He won his third title with his partner Heliövaara in Adelaide. He also reached his tenth final in Dubai with Heliövaara. He made his top 10 debut following the Rome Masters after winning the 2023 BNP Paribas Primrose Bordeaux Challenger 175 with Heliövaara.

===2024: Two ATP titles, Masters finalist, new partnership with Cash===
Glasspool partnered with Jean-Julien Rojer and the pair won their first title at the 2024 Brisbane International.

With new partner, fellow Briton Julian Cash, he won the 2024 Japan Open, defeating Ariel Behar and Robert Galloway in the final.
At the 2024 Paris Masters where he partnered for the first time with Adam Pavlásek, the unseeded alternate pair reached the final with wins over fifth seeded Italian duo Simone Bolelli and Andrea Vavassori, local favorites Sadio Doumbia and Fabien Reboul, and US Open champions and fourth seeded Australian duo Max Purcell and Jordan Thompson. They lost the final to sixth seeds Wesley Koolhof and Nikola Mektić in a deciding champions tiebreak.

===2025: Wimbledon champion, Masters title, World No. 1 ===
Reuniting with Julian Cash, Glasspool won the title at the Brisbane International as defending champion, defeating Jiří Lehečka and Jakub Menšík in the final.
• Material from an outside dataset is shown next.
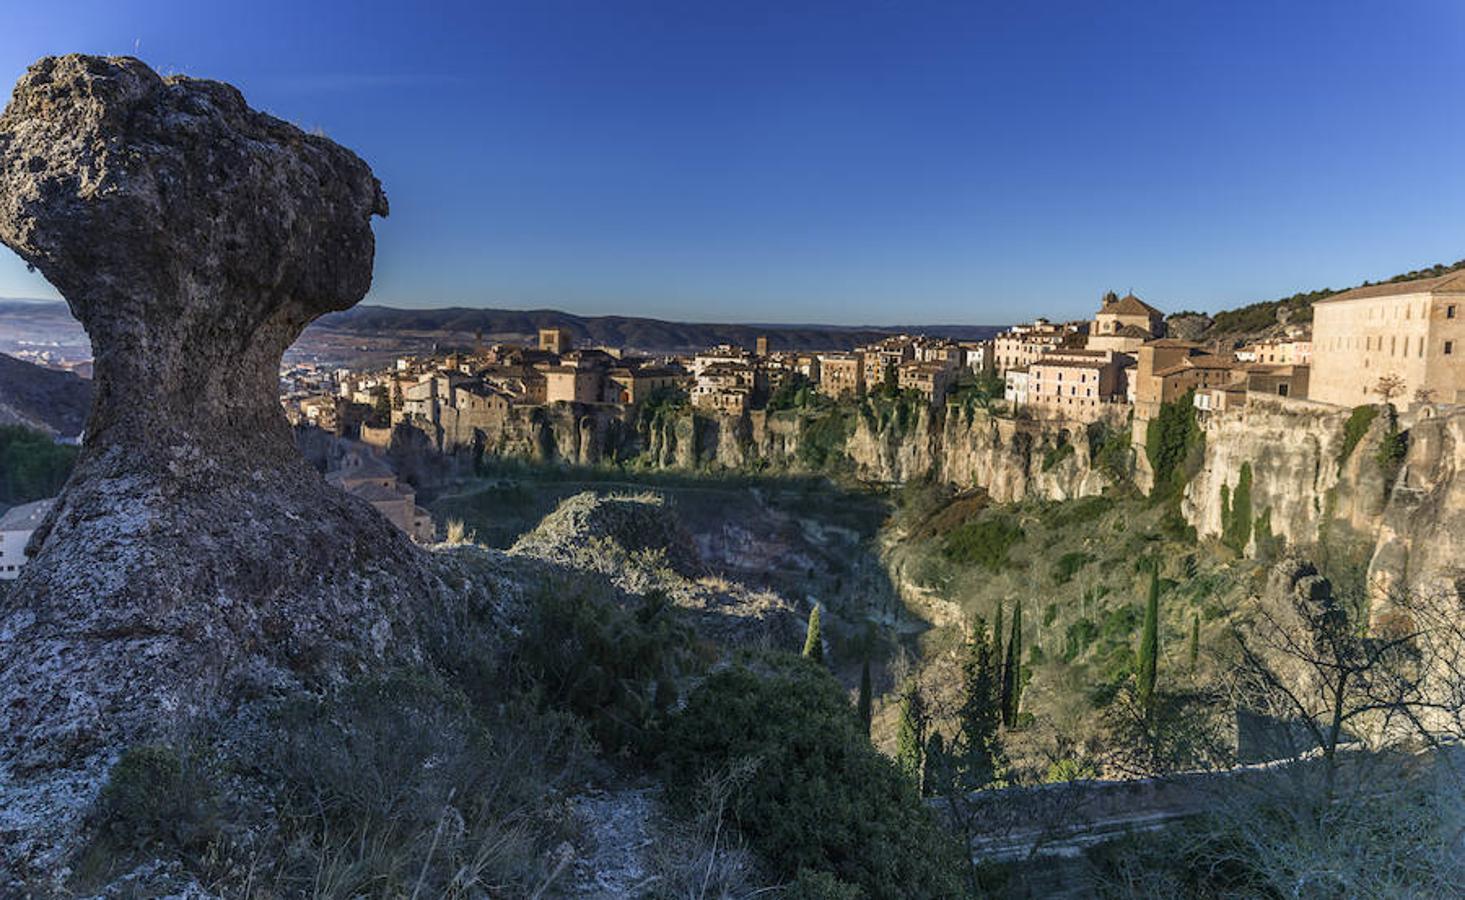 Vista panorámica del casco histórico de Cuenca

Glasspool and Cash defeated Ariel Behar and Robert Galloway in a deciding set tiebreak to reach the quarterfinals at the Australian Open, where they lost to fourth seeds Kevin Krawietz and Tim Pütz.

In February, Glasspool and Cash defeated fellow Britons Joe Salisbury and Neal Skupski in straight sets to win their second title of the year at the Qatar Open.
At the Miami Open Glasspool reached the final with Cash defeating Pedro Martinez and Giovanni Mpetshi Perricard, Yuki Bhambri and Nuno Borges, and then second seeded pair Harri Heliovaara and Henry Patten, before losing to top seeds Marcelo Arévalo and Mate Pavić.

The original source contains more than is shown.